‘Scares me rigid’: Residents raise fire safety concerns as 187-room underground hotel wins planning permission

The development will sit beneath St Giles Hotel. Photograph: Ethan Doyle White / Wikicommons

An underground hotel with 187 bedrooms can open near the British Museum.

Developers Central London Investments won planning permission for a revised scheme for the subterranean hotel in a former car park in Bloomsbury.

It will see more hotel accommodation beneath the unconnected 730-bedroom St Giles Hotel and the YMCA gym on Great Russell Street.

The new hotel in the Brutalist 20th-century building will use the ground floor and two basement levels.

The scheme attracted 13 objections, with some nearby residents concerned about noise from service vehicles and waste collection.

A previous application in 2016 for 166 rooms was approved by Camden planning committee.

The developers later asked to increase this to 207 rooms but were rejected in 2022 over concerns about “poor quality visitor accommodation” and insufficient space for back-of-house services.

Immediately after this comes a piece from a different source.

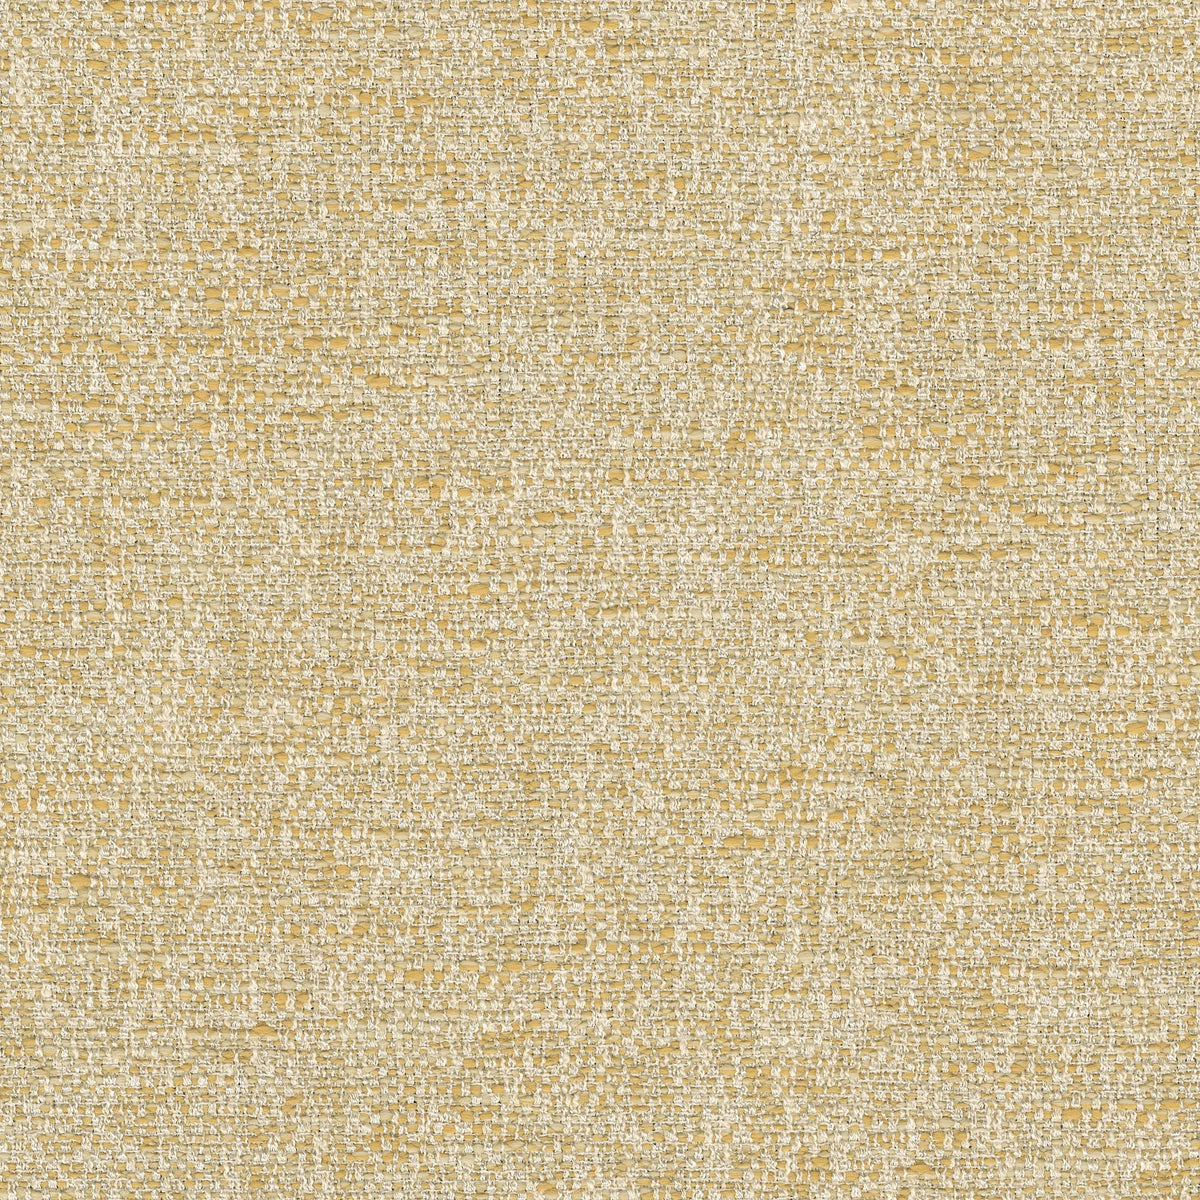 P/K Lifestyles Windham - Gold 470932 Upholstery Fabric
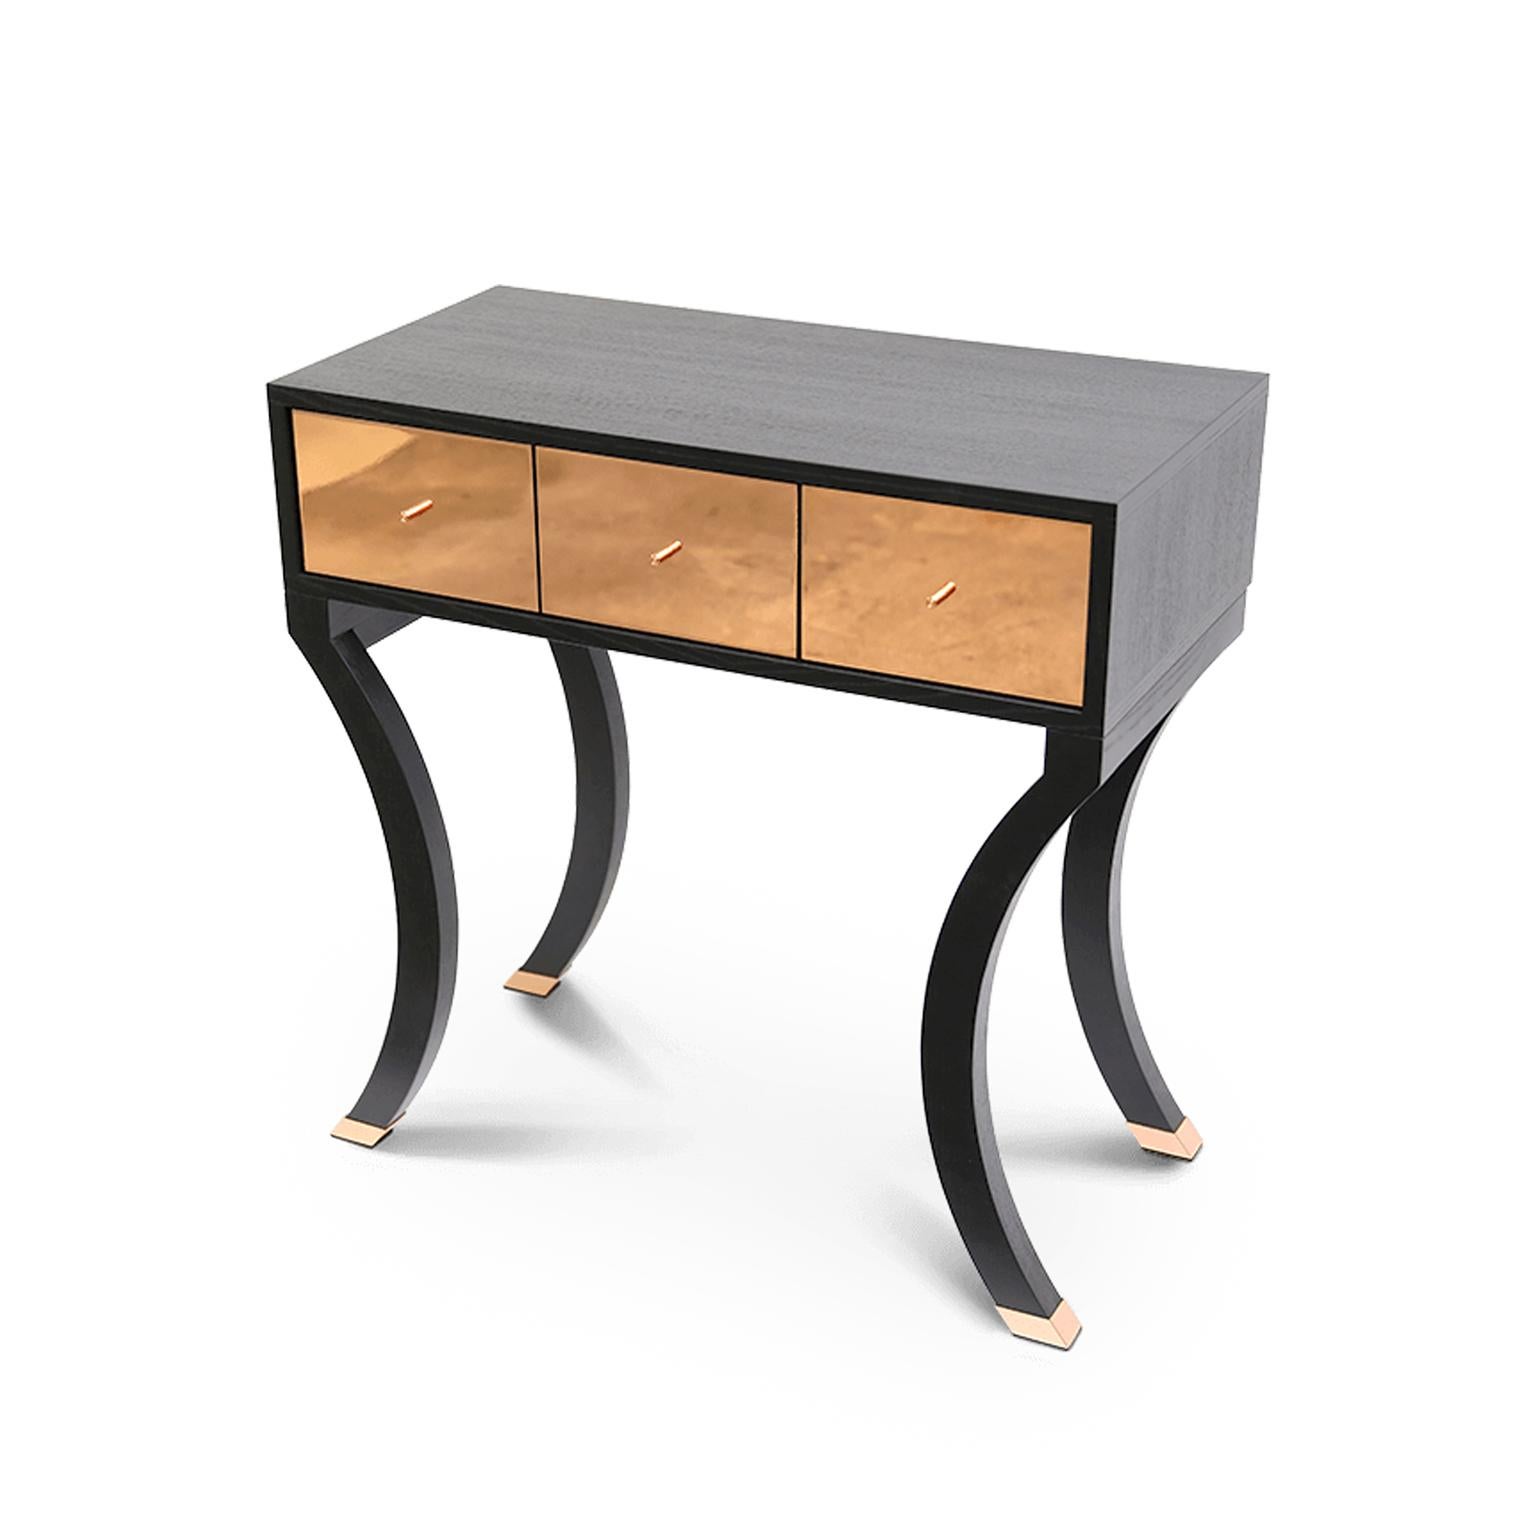 Available in a curated selection of fashionable finishes, this elegant console table is crafted of solid wood, supported by elegant legs. A sleek design complemented with 3 red velvet lined drawers with eye-catching copper pulls offer convenient

Roger Wilson from the Bloomsbury Association told councillors that residents are concerned about the increase in rooms and said there would be more noise, more waste, and extra deliveries for the vending machines.

The council said just one delivery vehicle a week was expected “for guest amenities”.

Wilson said the waste storage area at street level would be too small for the hotel.

He said: “This is really overdevelopment.”

A planning report said waste will only be put out at collection times.

Wilson also raised concerns about evacuation if there was a fire.

He said the thought of evacuating hundreds of people at 3am “trying to get out from under ground scares me rigid”.

He said the lessons of the Grenfell fire tragedy must be learned.

The council said the fire statement was drawn up by fire engineers and will be reviewed by building control.

The Bloomsbury Residents Action Group are worried that there is just one lift despite the number of rooms increasing, and fear the impact of service at street level.

The applicant said it is signing up to the “highest level of lift protection” with rapid call-outs and pointed out that there is a ramp that can be used to evacuate wheelchair users.

It plans to “respect nearby residential neighbours” and has worked with then over an operational management plan and amended the scheme because of the council’s concerns.